Thank you for your letter asking for information about the position of the Saskatchewan Human Rights Commission on genital mutilation, both male and female. I apologize for the delay in responding.

The Saskatchewan commission has not adopted a policy on genital mutilation. Other commissions have adopted policies on this topic, however, and I am enclosing the policy of the Ontario commission for your information. As well, the Canadian Association of Statutory Human Rights Agencies (CASHRA), of which the Saskatchewan commission is a member, unanimously passed the following resolution on female genital mutilation:

INTERNATIONAL HUMAN RIGHTS AND THE PROTECTION OF WOMEN

WHEREAS Canada is a party to international instruments that provide for the respect and protection of the fundamental human rights of women and children; and

WHEREAS Canada is participating in an international initiative to eradicate the practice of genital mutilation; and

WHEREAS Canadians are concerned that women and girls who are ordinarily resident in Canada are being subjected to the practice of female genital mutilation;

BE IT RESOLVED that CASHRA recommend to the Minister of Employment and Immigration that all prospective immigrants must be provided with information setting out Canada's commitment to upholding international human rights instruments; emphasizing that the protection and respect of human rights is a cornerstone of Canadian society and extends to the protection of women and children against any acts which would cause grave interference with the personal inviolability, including female genital mutilation; and advising that practices such as female genital mutilation are deemed to be a criminal activiety under the Canadian Criminal Code.

I understand your concern is that male circumcision is not viewed as discrimination on the basis of sex in the same way that female genital mutilation is. The policy of the Ontario Human Rights Commission does address this issue, at page 28 of their policy.

It takes the position that the two are not the same because the degree of excision and trauma involved in female genital mutilation is much more extensive.

The Saskatchewan commission may, at some point in the future, develop its own policy on genital mutilation. If it does, at that time we will consider the information you have brought to our attention.

Thank you for your interest.

Sincerely,
 
[signed]
 
Donna Scott
Chief Commissioner/Director
 


March 26, 2003

Donna Scott
Chief Commissioner
Saskatchewan Human Rights Commission

Dear Chief Commissioner:

I'm writing in connection with an issue that has come under increased public scrutiny in recent years—namely, infant male circumcision. I've been studying this issue for some time, and my letters on the subject have been published in a number of academic journals, including the New England Journal of Medicine, the Lancet, and the Journal of Law and Medicine.

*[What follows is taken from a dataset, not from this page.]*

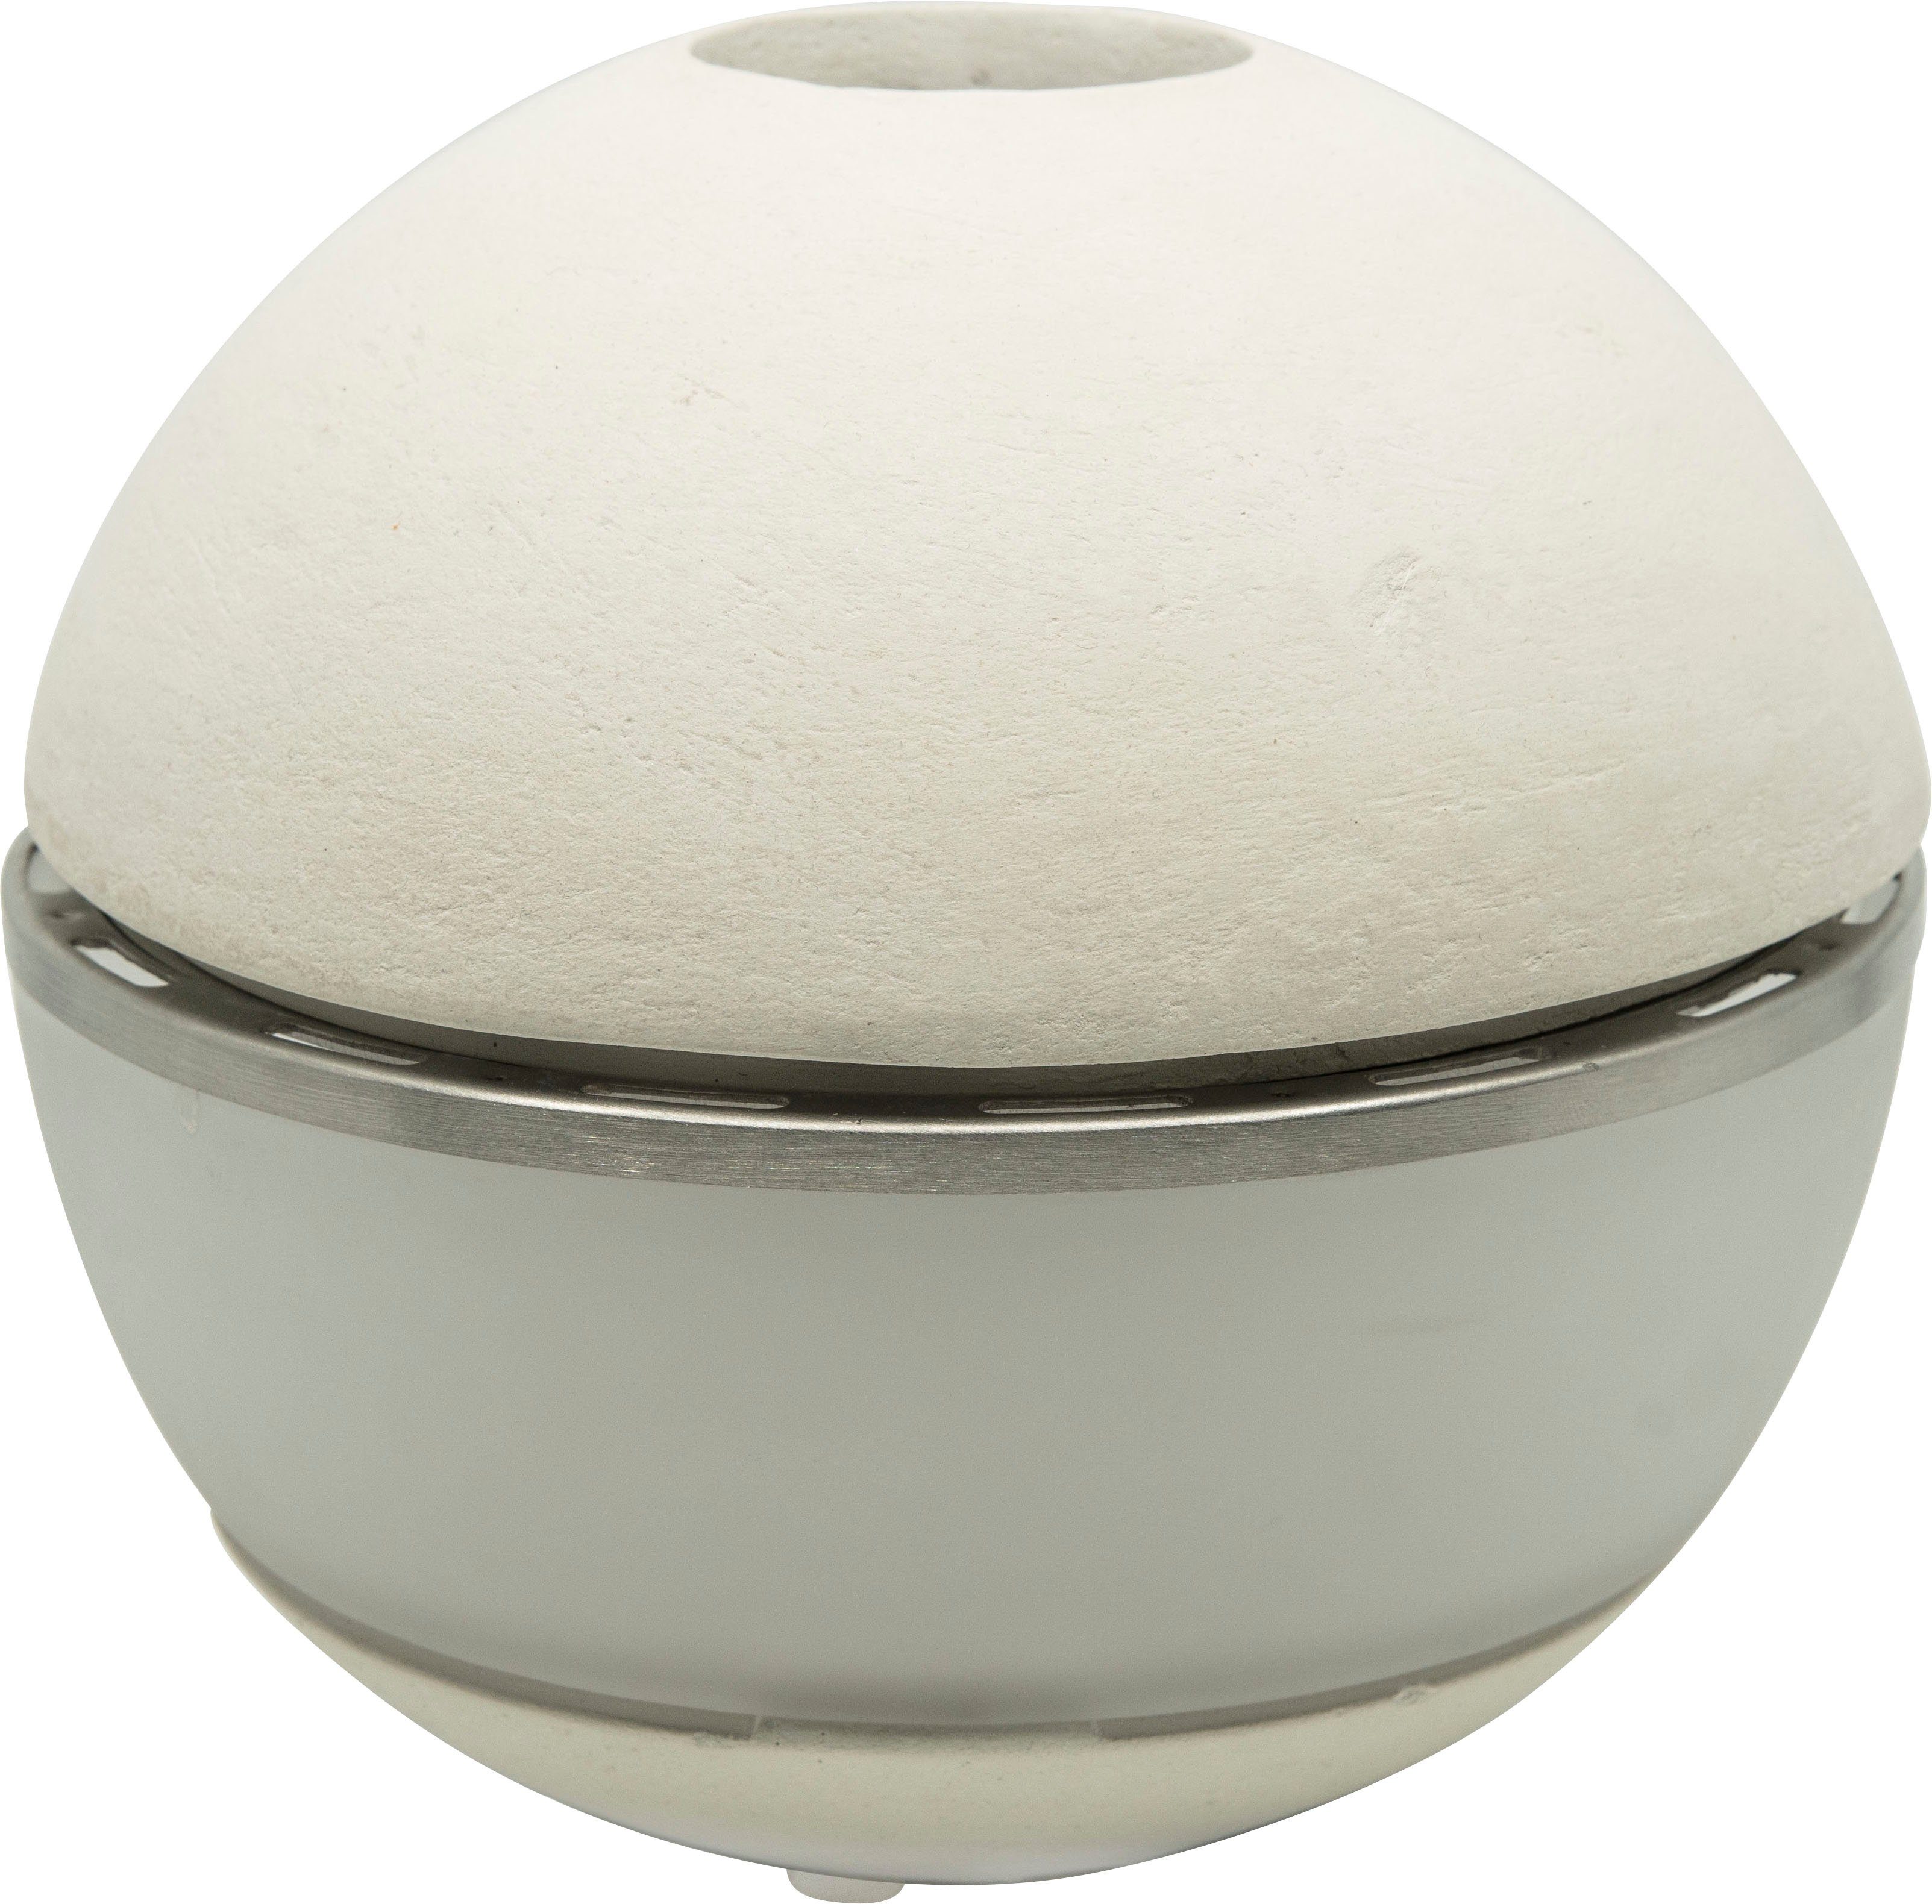 hecht international Duftlampe Salzofen SALINO, ØxH: 17,5x16,5 cm weiß

I should probably explain why my interest in this issue is prompting me to write to the Saskatchewan Human Rights Commission. The reason is that two significant memos on infant male circumcision were issued last year by the College of Physicians and Surgeons of Saskatchewan. As you know, the College is the statutory body responsible for regulating provincial medical practice. In its memos, the College advises physicians that there is no medical justification for routine infant circumcision. The College states further that performing surgery which has no medical justification would generally be considered "imprudent if not improper," and could expose the attending physician to legal risk. Copies of these memos are enclosed for your reference.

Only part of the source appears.